» Exercise aim
When you reach the line that holds "Affirmations for a Good Day - I", start copying exactly and keep going through the final line of the data, leaving out pictures.

» Dataset section
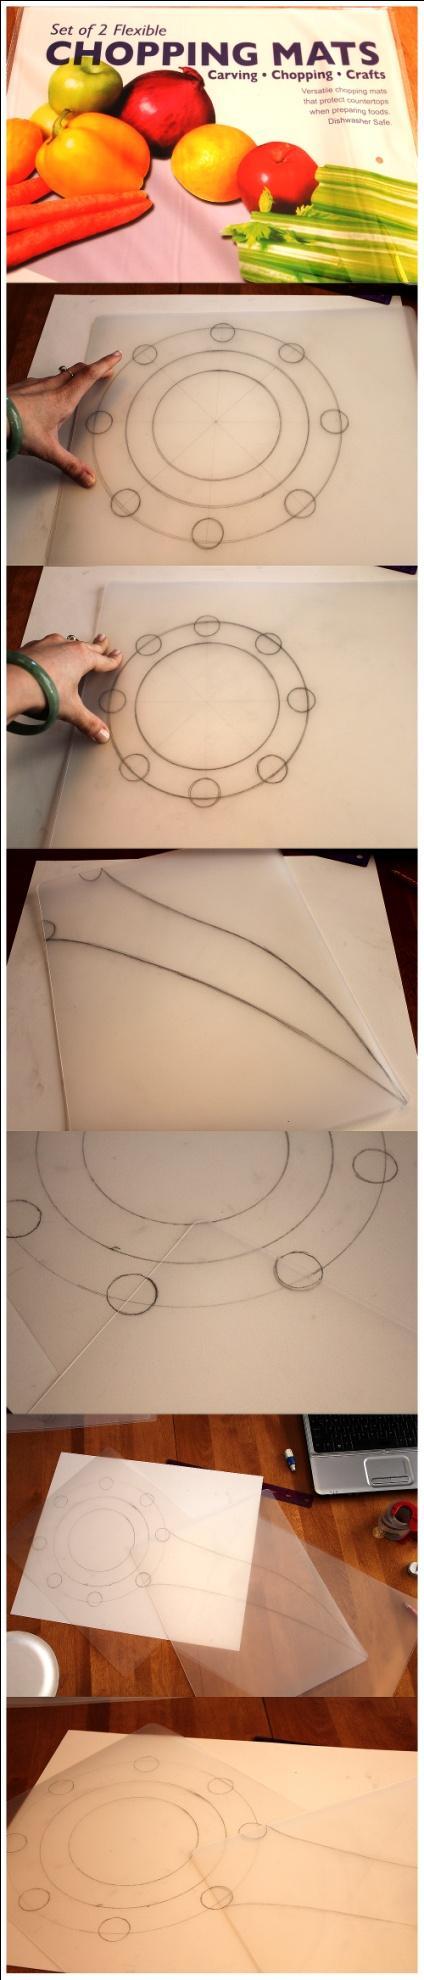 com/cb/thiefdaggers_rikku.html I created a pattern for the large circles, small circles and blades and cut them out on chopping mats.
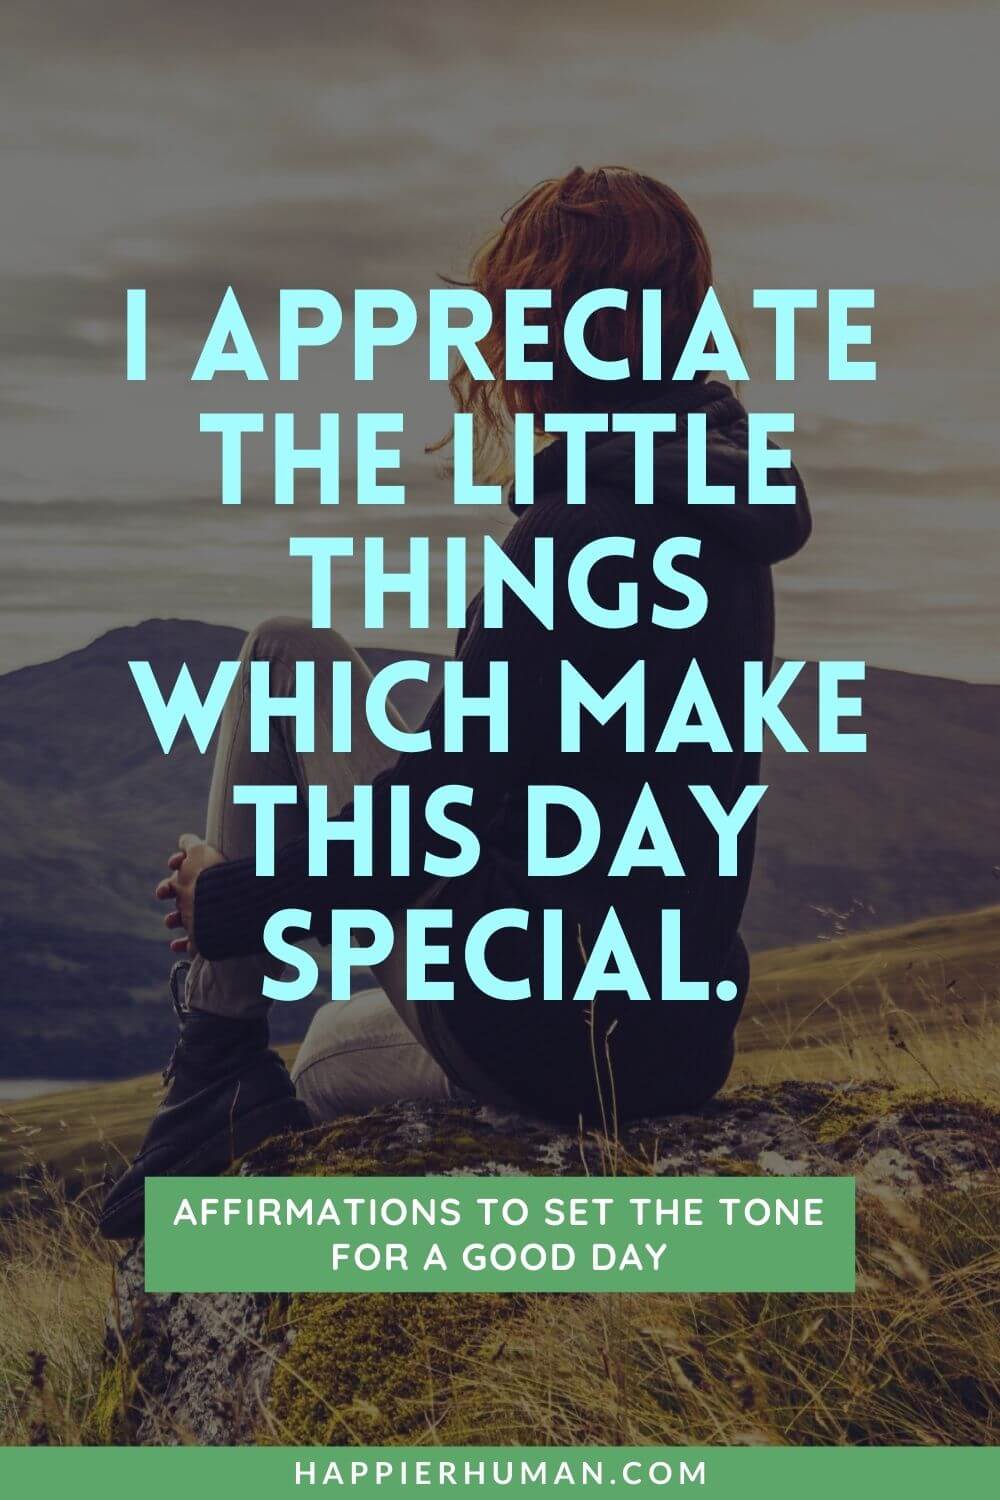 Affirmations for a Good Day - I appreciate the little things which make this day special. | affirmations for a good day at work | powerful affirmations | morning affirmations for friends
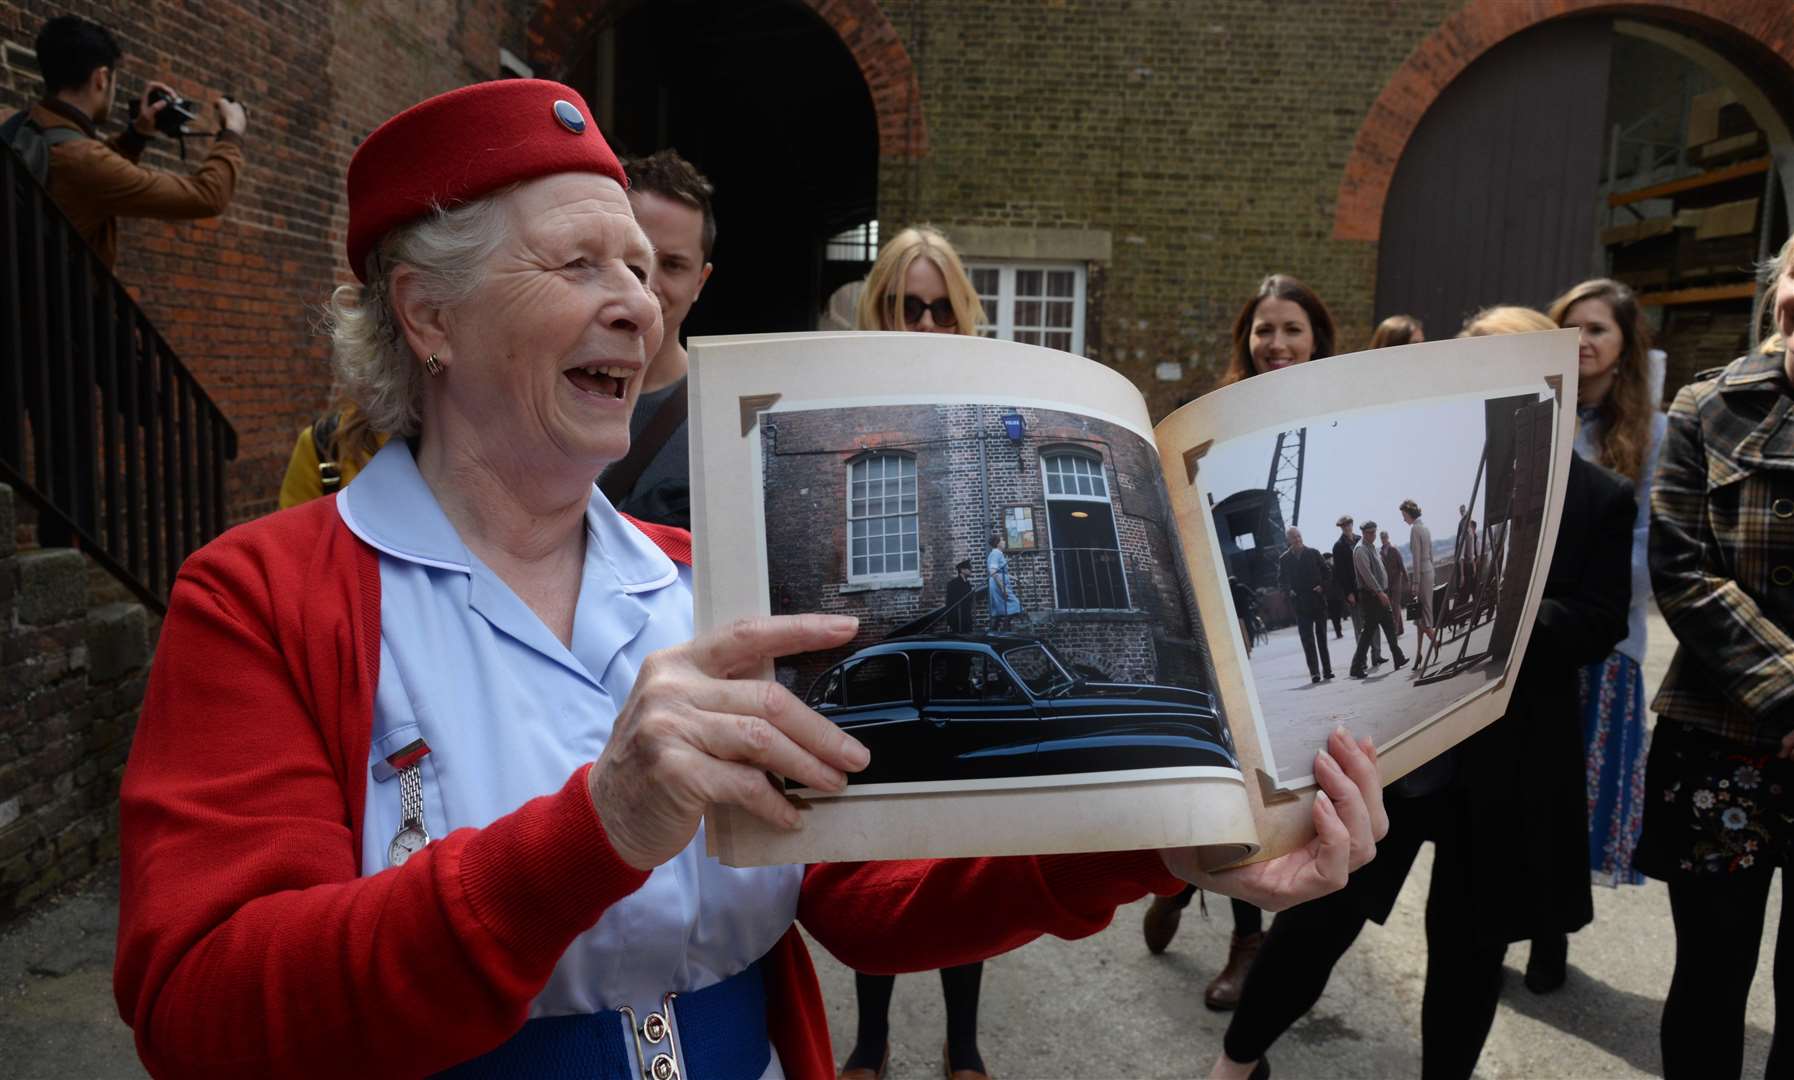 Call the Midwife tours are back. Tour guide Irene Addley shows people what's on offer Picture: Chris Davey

» Task answer
 Affirmations for a Good Day - I appreciate the little things which make this day special. | affirmations for a good day at work | powerful affirmations | morning affirmations for friends
 Call the Midwife tours are back. Tour guide Irene Addley shows people what's on offer Picture: Chris Davey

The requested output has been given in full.